1. INTRODUCTION
Staining of histological sections permits observation of characteristics otherwise not distinguishable. Staining depends on the physicochemical structure of dyes, tissues, and the composition of cells [1 - 3]. Tissue components get stained by absorbing the appropriate wavelength of light and allowing the microscopic study of tissue morphology to diagnose abnormalities. There are two types of stains based on the production method, natural and synthetic [4]. Natural dyes are obtained from plants, animals, and minerals. Examples include hematoxylin, carmine, saffron, indigo, Berberine, Orcein, and Litmus [5]. Hematoxylin, a routine nuclear stain employed in histology, is obtained from the logwood called Hematoxylin campechianum [6]. Carmine, a dye from the insect Dactylopius Cacti, demonstrates nuclei, chromosomes, or mucins, depending on the formulations. Synthetic dyes, on the contrary, are produced by chemical Reactions and include Eosin Y, Basic fuchsin, Picric acid, Aniline blue, and Toluidine blue.
Natural dyes were the only ones available to scientists for histological staining until the first synthetic dye was discovered in 1856 [7]. However, rapid research in chemistry has led to synthetic dye alternatives pushing the natural dyes into oblivion. Despite their wide use, some synthetic dyes have been shown to cause hazards to human and animal health and have been withdrawn. Increased risks of occupational morbidity and mortality have been associated with the use of synthetic dyes globally [8]. The preparations of synthetic dyes are very hazardous and laborious. The hazardous effects of these reagents of synthetic dyes by frequent usage pose a health threat to laboratory professionals. Hence, replacing them with bio- friendlier and less toxic natural dyes is necessary for sustainable development.
However, natural dyes are often times more expensive than synthetic dyes, in that regard most users of dyes prefer synthetic dyes to natural dyes not considering the hazardous nature of these synthetic dyes. Nonetheless, there is the belief that in the near future natural dyes will be an economically and environmentally viable option. Despite their frequent use, synthetic dyes are becoming increasingly expensive, and many small laboratories in developing countries cannot afford them.
Dyes produced from the root, bark, and fresh leaves of the Teak plant have been used for paper products, matting, and clothes producing yellow-brown or red-brown colors. Dyes from the teak tree leaves have been employed in the textile industry to print colorful woolen and cotton fabrics.
Teak leaves have been used to impart color to cotton and woolen fabrics in the textile industry. Also, recent studies have demonstrated that fungal structures such as mycelium stained reddish-brown with T. grandis leaves extract and stood out well against a suitable background stain [8].
However, it has not been shown that this extract can be used to stain animal tissues; therefore, this research sought to explore the staining properties of the teak tree’s young leaves extracts in histopathological applications.
2. MATERIALS AND METHODS
2.1. Study Design
The research was an exploratory, experimental study conducted at the histopathology laboratory of the Ho Teaching Hospital in the Volta Region of Ghana. Ethical approval was sought from the University of Health and Allied Sciences, Research Ethics Committee (UHAS-REC A.10 [48] 20-21) and permission to use the bovine tissue from the Veterinary Services, Ho (NoMA/VR/VSD/VAL/84/1).
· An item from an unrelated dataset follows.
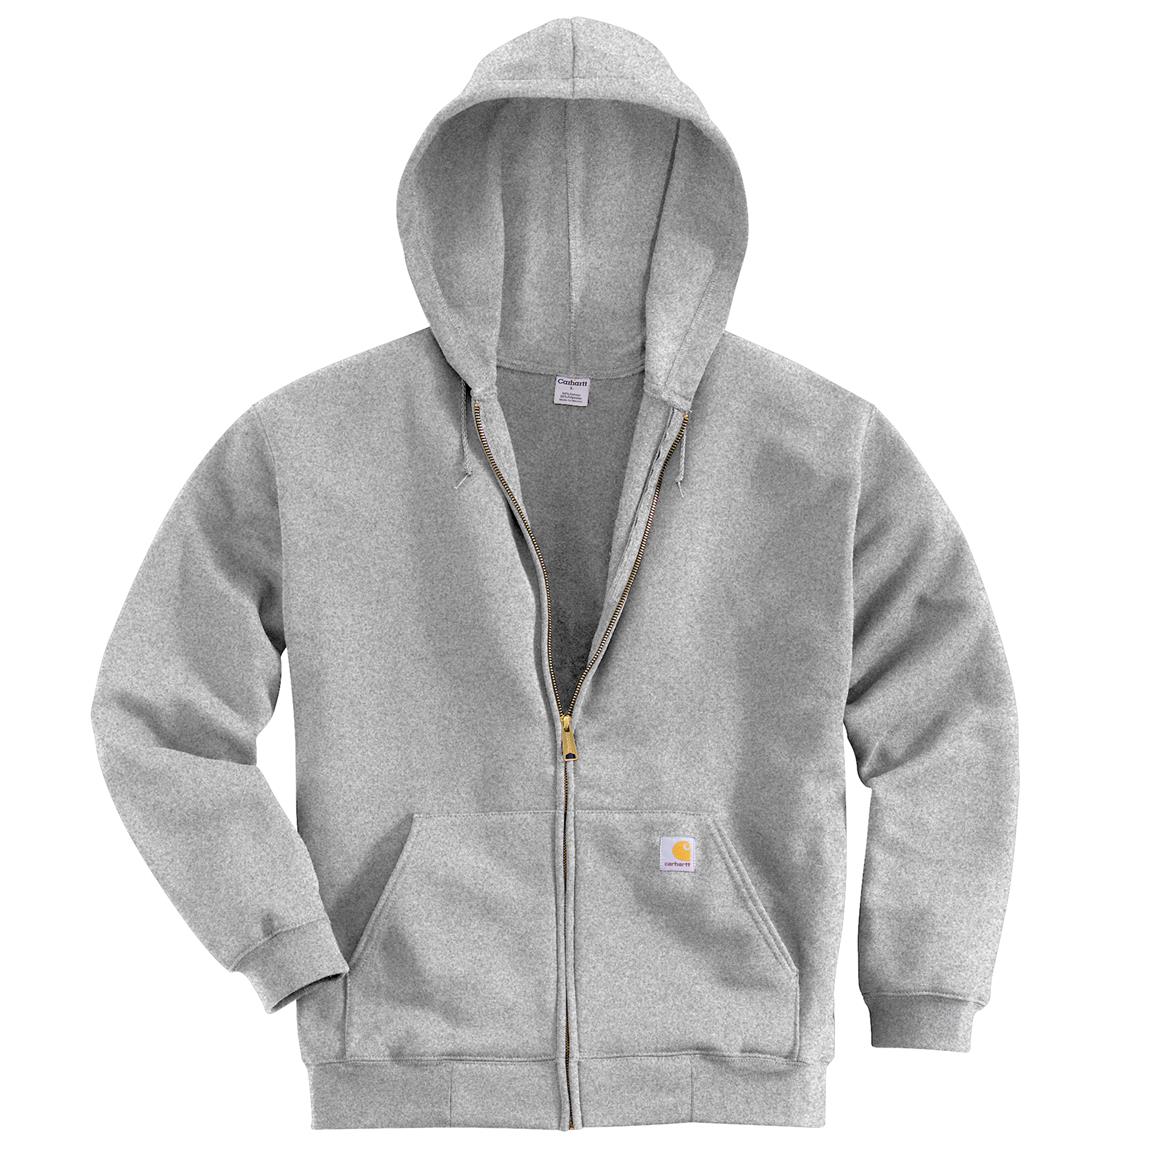 Carhartt Men's Hooded Zip Sweatshirt - 623527, Sweatshirts & Hoodies at ...

2.2. Collection of Tectona grandis Leaf
Fresh teak young leaves were obtained from the Titrinu teak plantation, located on the outskirt of Ho Municipality. The teak tree’s young leaves are brown in color while the mature leaves are green (Figure 1).
The harvested leaves were rinsed thrice with tap water and twice with distilled water to remove impurities, including soil dust and avian fecal droplets that settled on the leaves. The prewashed teak leaves were shade dried in a dust-free environment for ten days.
2.3. Powderisation of Tectona grandis Leaf
The shade-dried leaves were finely ground into powder form, using a motor-operated domestic mixer
![]()
Figure 1. Mature (blue arrow) and young (black arrow) leaves of the Teak plant (project site).
grinder at 220V/2200 rpm, then stored in an amber-colored dry container for further usage.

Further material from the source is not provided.